Medicare Advantage Plan (Part C)

Most (not all) Medicare Advantage plans have “Part D” which is prescription drug coverage built into the plan. A person’s prescriptions can be covered with these type of plans called Medicare Advantage Prescription Drug (MAPD). It’s important that you verify with your health insurance broker whether your very specific medications that are prescribed to you are covered under the health insurance plans’ “formulary” (this is a list of covered medications each insurance company will cover under their plans). You’ll pay different amounts with different plans. You’ll need a very knowledgeable broker to help you research this. Don’t just enroll into a plan without looking at ALL your plan options in Nevada. For example, one company prescription costs to you could be a couple hundred dollars compared to another company costs being $0.

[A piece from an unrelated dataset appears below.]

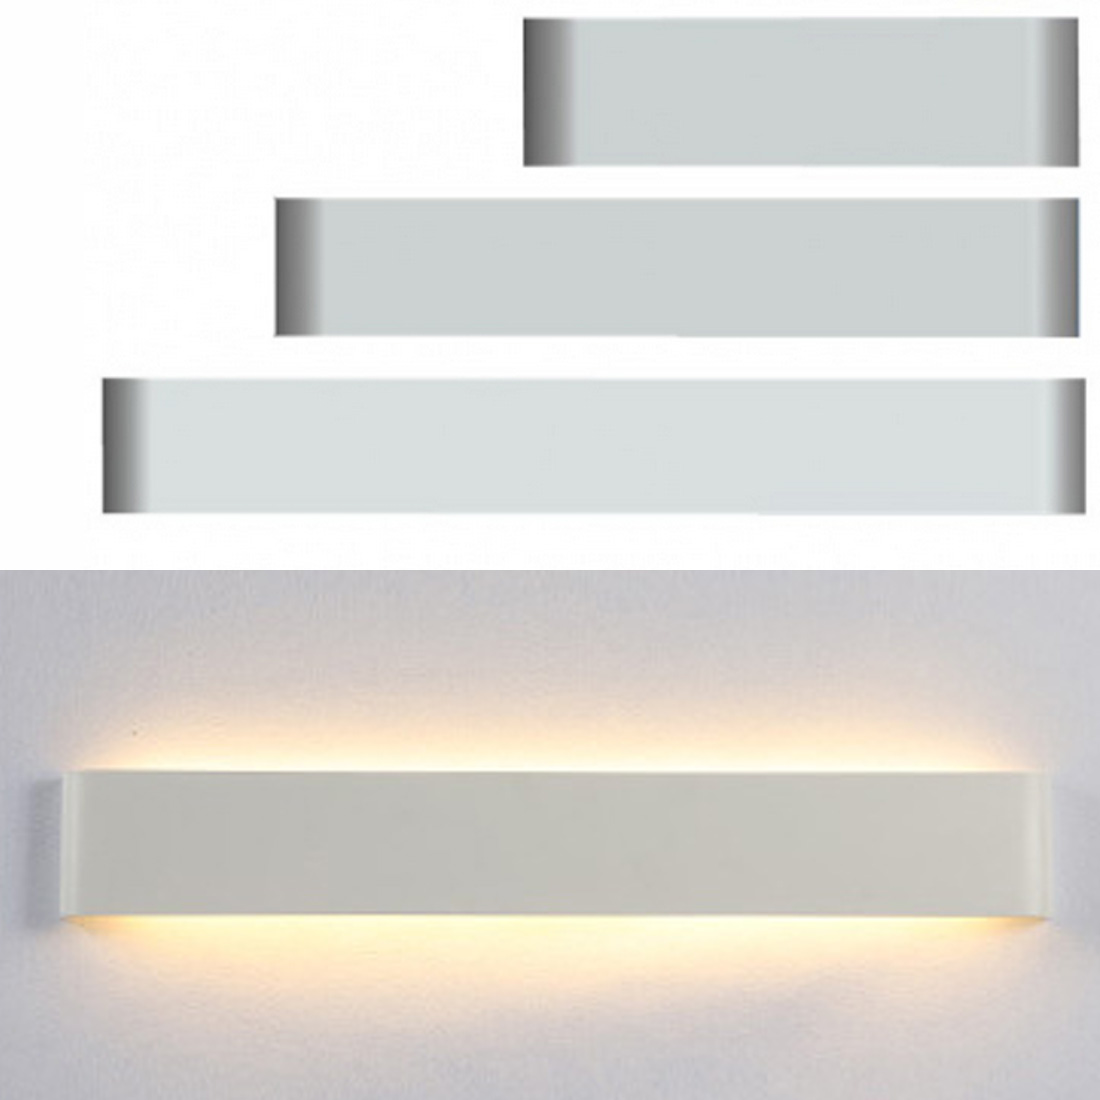 Silver/Black Modern Minimalist LED Aluminum Lamp Bedside Lamp Wall Lamp for Room Bathroom Mirror Light Direct Creative Aisle modern minimalist waterproof antifog aluminum acryl long led mirror light for bathroom cabinet aisle wall lamp 35 48 61cm 1134

Many Medicare Advantage (“MAPD”) plans have a $0 premium and some have a small premium. Medicare beneficiaries with these MAPD plans could still have out of pocket expenses like “co-pays“, “deductibles“ and “out of pocket maximums” too. Some MAPD plans are HMO while others are PPO. They generally will have a “Network” of doctors and hospitals. With HMO plans you’ll need to pick a primary doctor, called a PCP, and you’ll need a referral from your PCP to see specialists. With the PPO plans you are not required to pick a primary. You can see anyone you’d like to, provided they’ll bill the insurance plan, and when you see providers inside their network, you’ll pay less. Your out-of-pocket expenses are more on the PPO plans. It’s very important to compare these two types of plans. Also, if in one year you decide you want to try the HMO, you can switch during open enrollment. Or vice versa, if you have a PPO and want to cut your expenses and try an HMO, you can always switch during open enrollment.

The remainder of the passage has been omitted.